Doch die Kunst als Beruf war in ihrer Kindheit kein Thema. “In der 9. Klasse wollte ich Politikerin werden”, erinnert sie sich lachend. Um Einfluss zu haben, die Welt zu verbessern. Kunst zu machen, das war anfangs nur ein kreatives Hobby. Dann nahm es irgendwann mehr Raum ein in ihrem Leben. In der 12. Klasse nahm sie dann an einer dreiwöchigen Sommer-Akademie in Marburg teil. “Da habe ich mir gedacht, wenn es mir Spaß macht, jeden Tag von 9 bis 16 Uhr zu malen, dann mache ich das.” Die Eltern waren zunächst kritisch, aber unterstützten ihre Tochter.

Anna Eibl-Eibesfeldt entschied sich “zuerst aus Vernunftsgründen” dafür, nach dem Examen ein Referendariat zu machen. “Das hat mir gut gefallen – überraschend gut”, erzählt sie. Kunsterziehung an der Schule sei ein “tolles Fach”, das sie gerne unterrichtet: “Ich finde diese Freiheit wichtig und dass sich Schüler intensiver mit einem Thema beschäftigen können.”
Überhaupt – die Intensität, die die Kunst fordert: Das ist für Anna Eibl-Eibesfeldt der Grund, Kunst zu machen. Macht es sie glücklich? Sie überlegt. “Glücklich ist es eigentlich nicht ganz”, meint sie dann. “Da ist eher diese Konzentration – es ist auch manchmal anstrengend. Und dann denke ich, warum mache ich das? Ich könnte jetzt auch zum Baden gehen.” Sie lacht. “Manchmal fällt es mir schwer, aufzuhören, und dann bin ich richtig KO. Es ist nicht nur Glücklichsein.” Der innere Schaffensdrang hält sie bei der Stange. “Es ist aber auch etwas, das mich weiterbringt.”

Wir gehen aus der Werkstatt nach oben in einen weiteren Atelierraum. Hier befindet sich der Brennofen, in dem die getrockneten Keramikschalen gebrannt werden. Neben dem Ofen warten schon einige Schalen aufs Brennen. Sie scheinen alle weiß zu sein, doch beim näheren Hinsehen erkennt man blassblaue Muster. “Beim Brennen wird die Farbe dunkler”, sagt sie. Anfangs wusste sie das noch nicht. “Die ersten wurden sehr dunkel.” Auch das Treffen des gewünschten Farbtons ist Erfahrungssache.

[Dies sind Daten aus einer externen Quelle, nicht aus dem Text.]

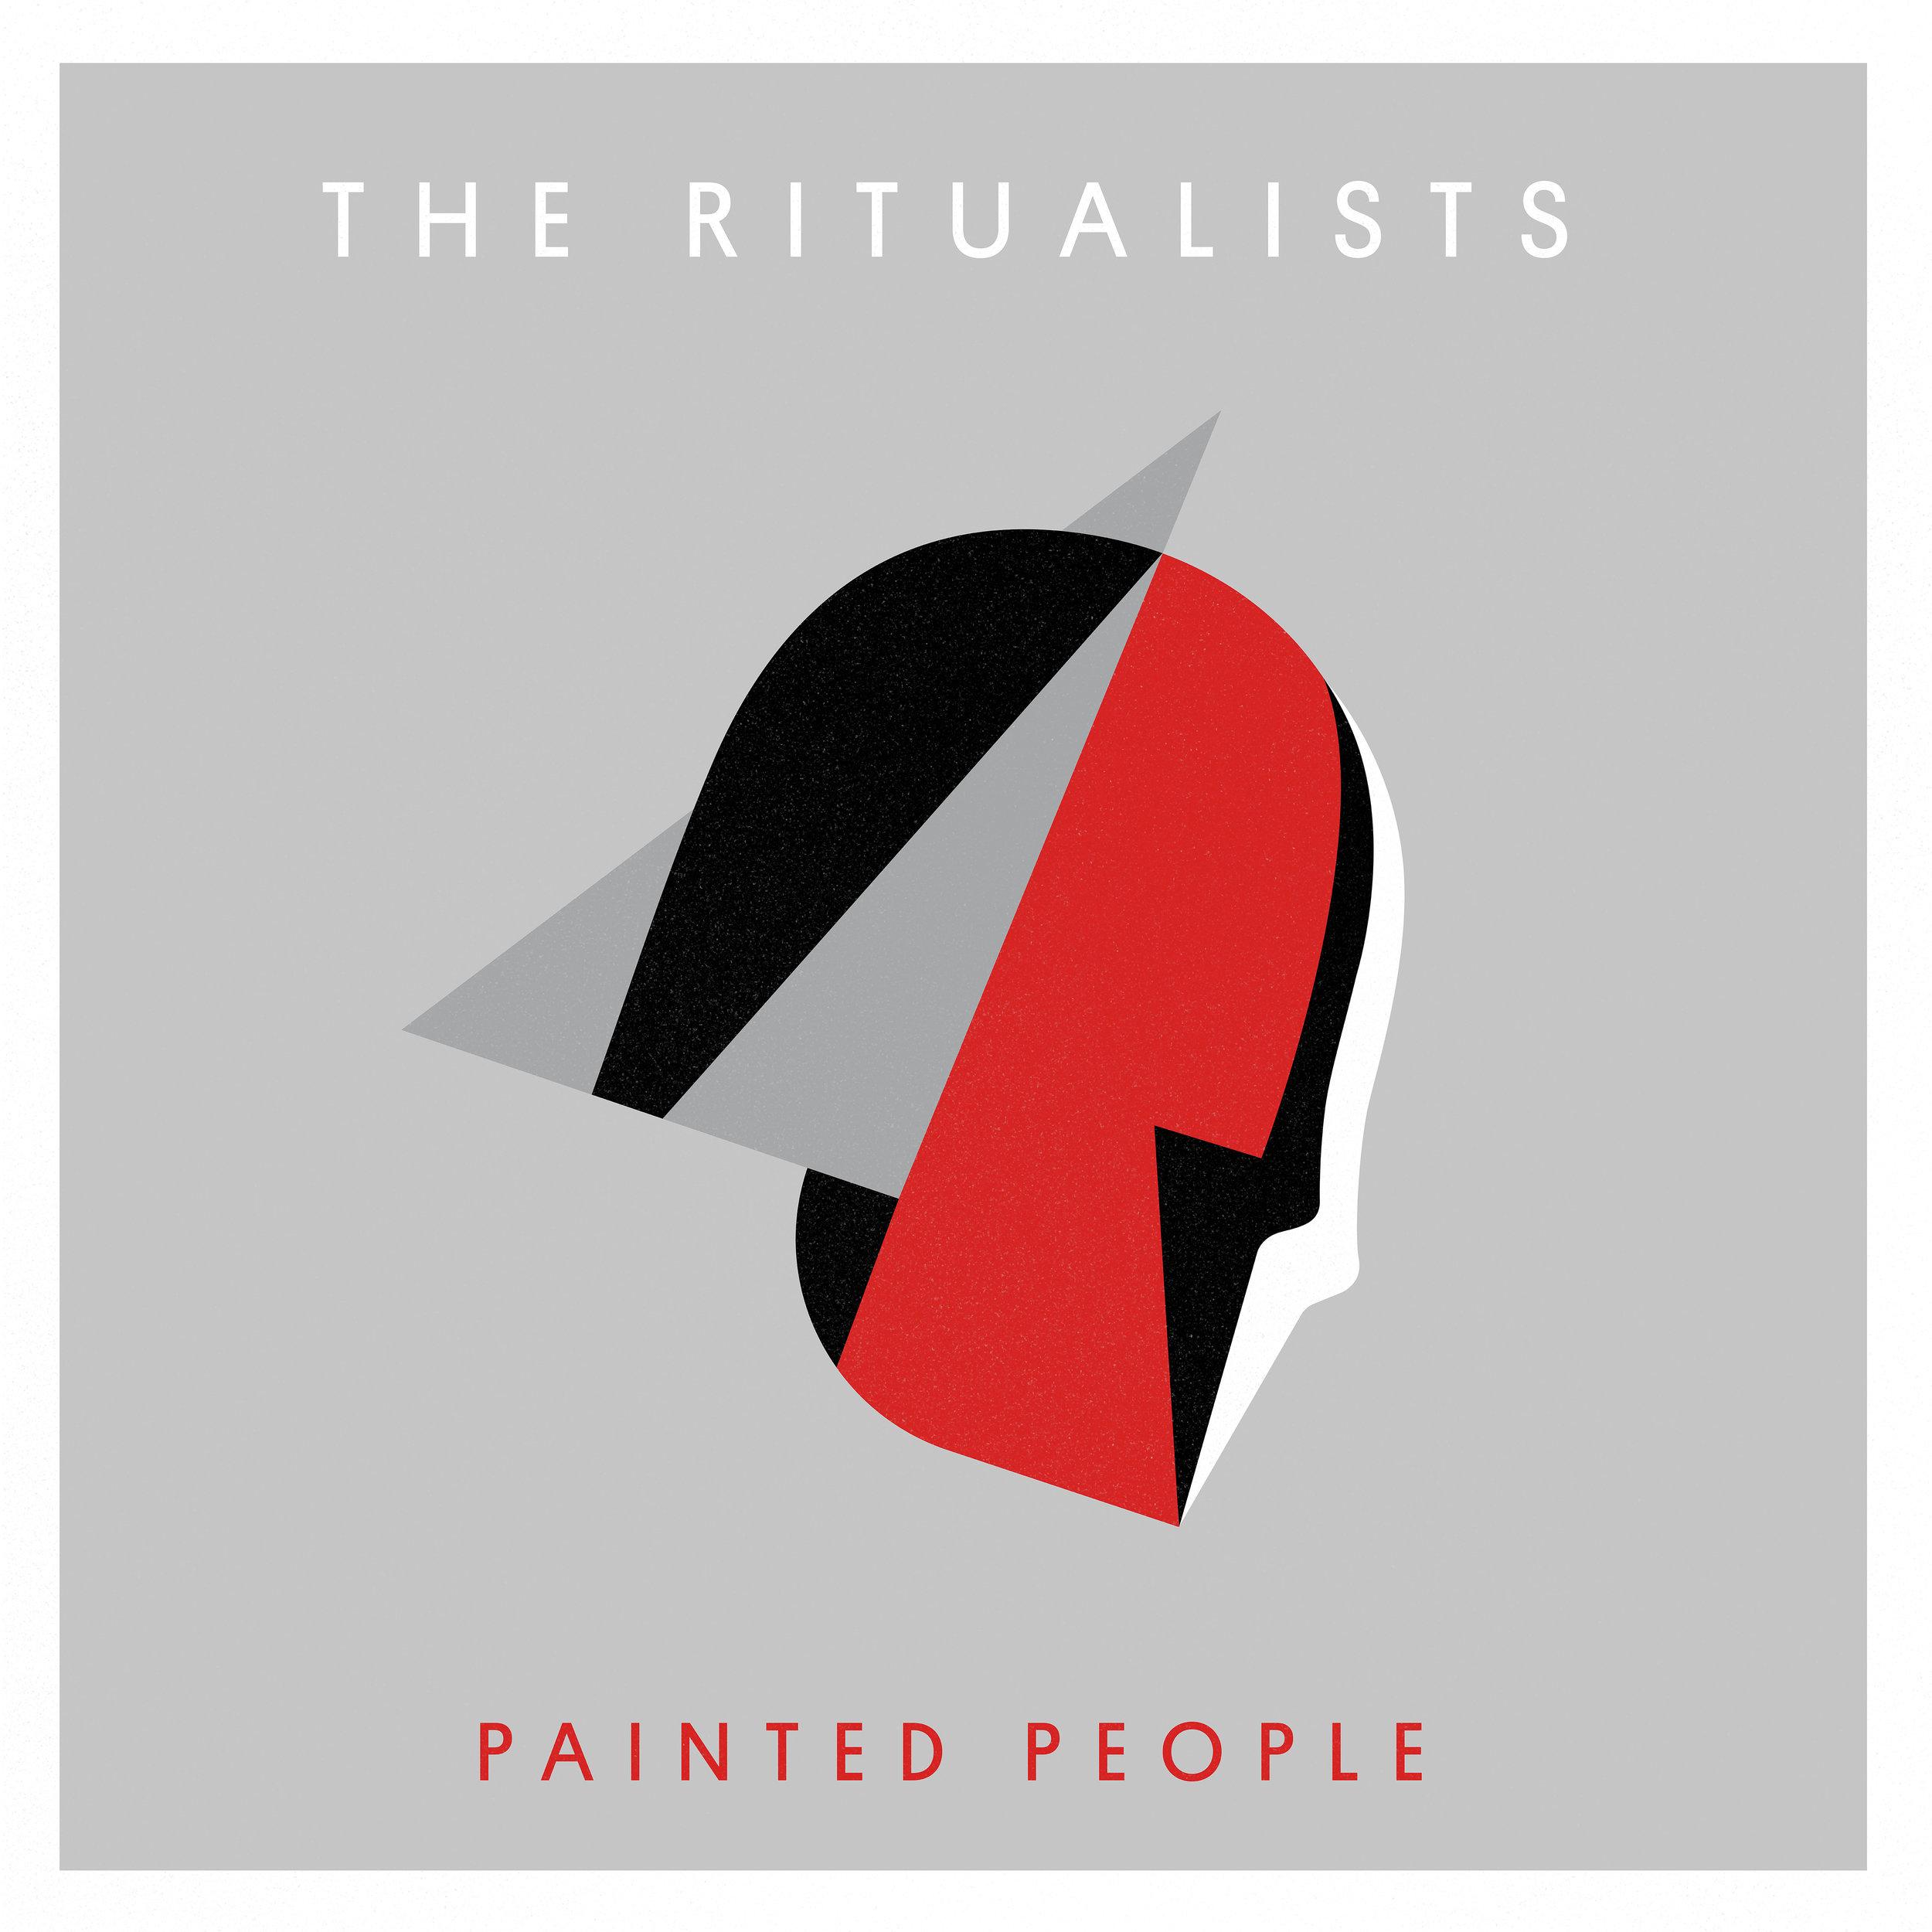 Ritualists_AlbumCover-01.jpg

Im einem einfachen Holzregal stehen fertig gebrannte Keramikwerke. Schalen, Vasen, Teller. Keine zwei Exemplare sind identisch. Darunter sind auch hohe Vasen mit zarten Querstreifen in Schwarz, Weiß und Blautönen, sie stechen aus der Vielfalt heraus. Die Marmorierung entsteht durch unzählige Tonschichten in verschiedenen Farben, die aufeinandergelegt und komprimiert werden. “Das ist Nerikomi, eine japanische Töpfertechnik”, erklärt Anna Eibl-Eibesfeldt. “Der verschieden-farbige Ton wird in Blöcken aufeinandergestapelt und immer wieder dünn geklopft.” Für die Vase hat sie etwa drei Tage gebraucht. Zeitaufwendig, aber das Ergebnis ist außergewöhnlich.
Auch die Oberflächen der Außenseiten ihrer Keramikarbeiten unterscheiden sich: Manche sind glasiert, manche matt. Manche haben außen eine Struktur, sehen aus wie bedruckt, auf einer erkenne ich ein Katzengesicht.
Wir nehmen aus dem Brennofen eine Schale mit und gehen hinaus auf die Terrasse, wo uns Kater Moritz wieder begegnet. Kurz schmiegt er sich an mein Bein. Doch ich habe keine Zeit für ihn: Anna Eibl-Eibesfeldt zeigt mir, wie sie die samtige Oberfläche der matten Keramikschalen herstellt. Sie hat bereits eine Schüssel mit Wasser bereitgestellt. Und eine Auswahl bunter Pads – für mich sehen sie wie Spülschwämme aus. “Nein, das sind Diamant-Schleifpads”, erklärt sie lachend. “Die Farben zeigen die Körnung, wie beim Schleifpapier.”
Sie taucht das schwarze Pad ins Wasser und führt es kreisend an der Außenwand der Schale herum. “Das ist das gröbste Pad, danach poliert man mit feineren.” Das Schleifen dauert etwa eine viertel Stunde. Die Schale fühlt sich außen nun samtig an. Jetzt kann sie innen glasiert und zum zweiten Mal gebrannt werden. Was kommt als Nächstes? Wer weiß. “Kreative Entscheidungen”, sagt Anna Eibl-Eibesfeldt, seien “wie Straßenkreuzungen”: “Jede führt in eine andere Richtung.” Wichtig für sie ist, immer wieder neue Wege zu gehen.